La fin du troisième programme (Actee+) approche en effet : elle est fixé à fin 2026. Le gouvernement s’était engagé à lancer un programme Actee4 pour la période 2027-2030, accompagné d’une enveloppe de 315 millions d’euros. À ce jour, et malgré la demande pressante formulée au mois d’août par le président de l’AMF, David Lisnard, ce programme n’a toujours pas été confirmé. En revanche, le Conseil supérieur de l’énergie a validé, en fin de semaine dernière, la prorogation d’un an du programme Actee+, jusqu’au 31 décembre 2027, « avec une mission restreinte à l’adaptation des écoles aux fortes chaleurs » … et encore, avec un budget fortement réduit par rapport aux annonces gouvernementales du début de l’été : seules 2 500 écoles, au lieu de 12 000, pourront être traitées.
Cette décision est inquiétante et laisse à penser que le programme pourrait ne pas être renouvelé pour les trois prochaines années comme prévu. Ce qui serait, écrit Actee, « un contre-signal, en défaveur de la rénovation énergétique comme de la dynamique d'électrification des bâtiments publics ». Faute de certitude en la matière, au moment où les communes élaborent leurs plans d’investissement pluriannuels, Actee observe déjà « les premiers signaux de ralentissement dans la dynamique de rénovation patiemment construite ».

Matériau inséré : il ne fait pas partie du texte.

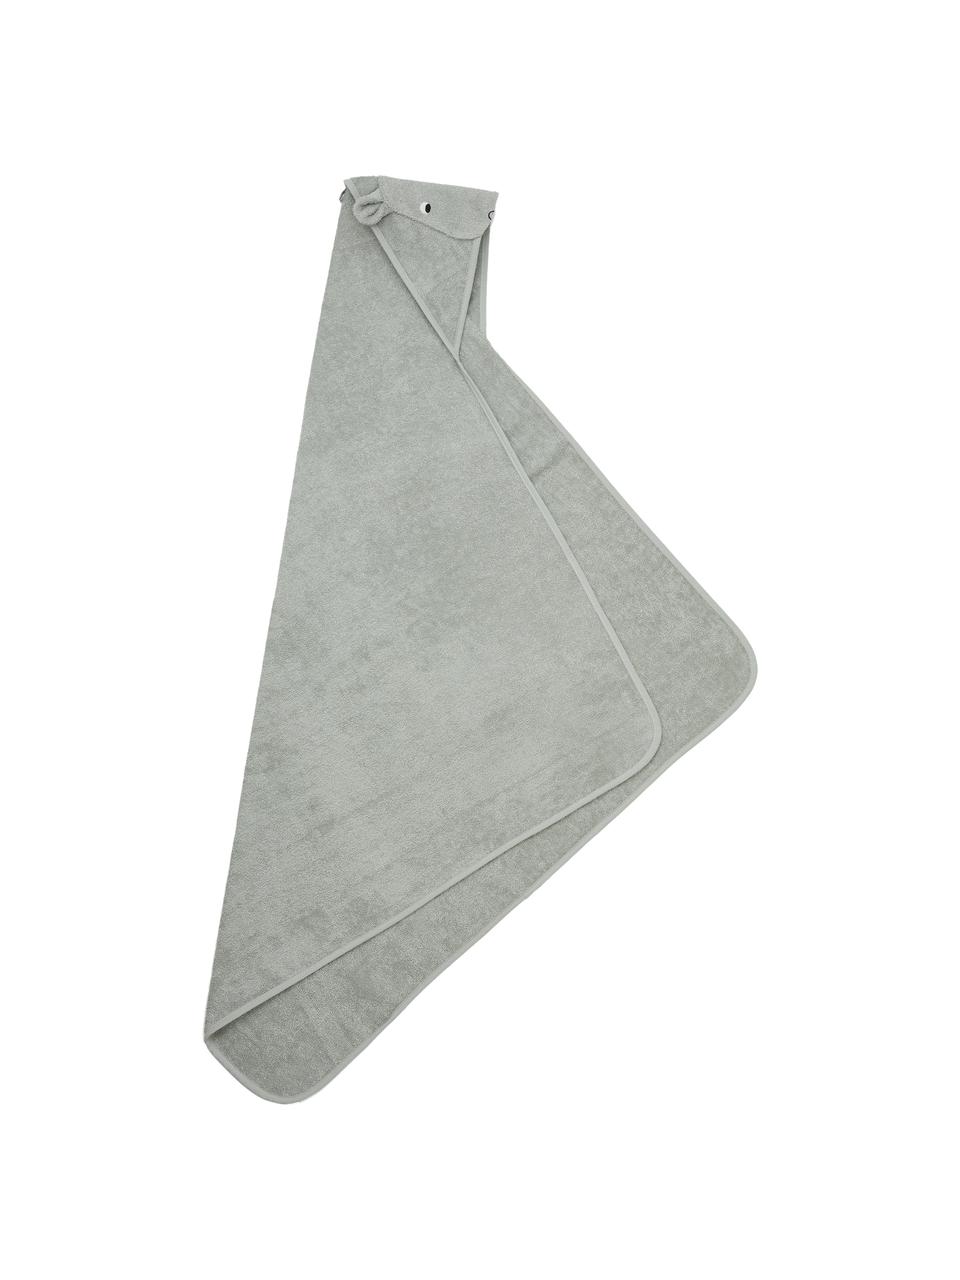 Asciugamano per bambini Augusta, 100% cotone, Grigio chiaro, motivo ippopotamo, Larg. 100 x Lung. 100 cm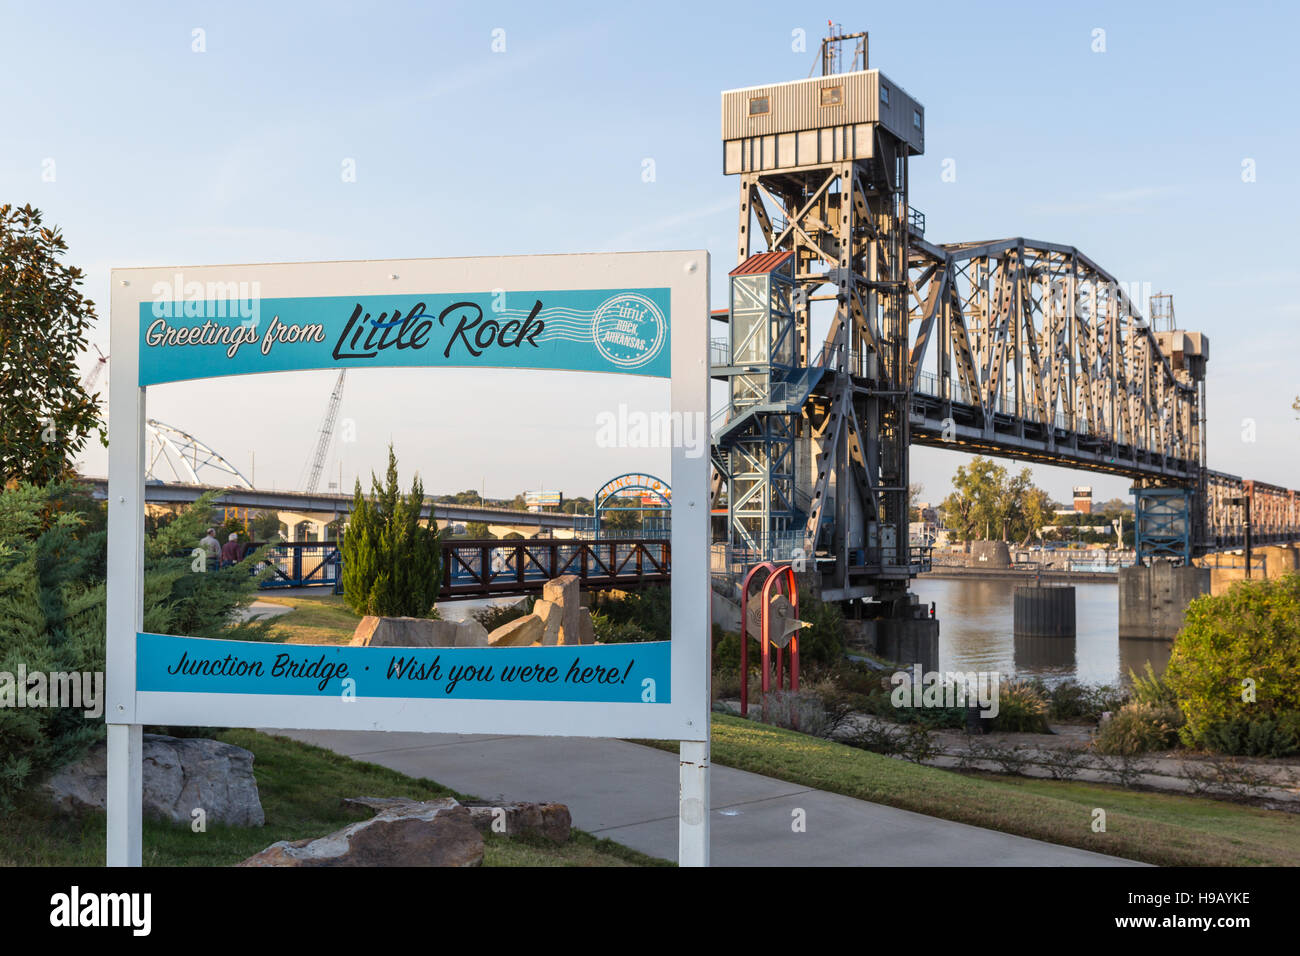 Ein Schild mit "Greetings from Little Rock" auf dem Weg bis zur Kreuzung Brücke in Little Rock, Arkansas. Stockfoto

Un bien mauvais signal, en effet, au sortir d’un été catastrophique sur le plan climatique. À quoi il faut ajouter l’annonce, vendredi dernier, par décret, d’une coupe supplémentaire de plus de 100 millions d’euros dans les crédits dédiés à la transition écologique, pour l’année en cours. Le gouvernement ne semble toujours pas décidé à faire de ce sujet une priorité absolue des politiques publiques.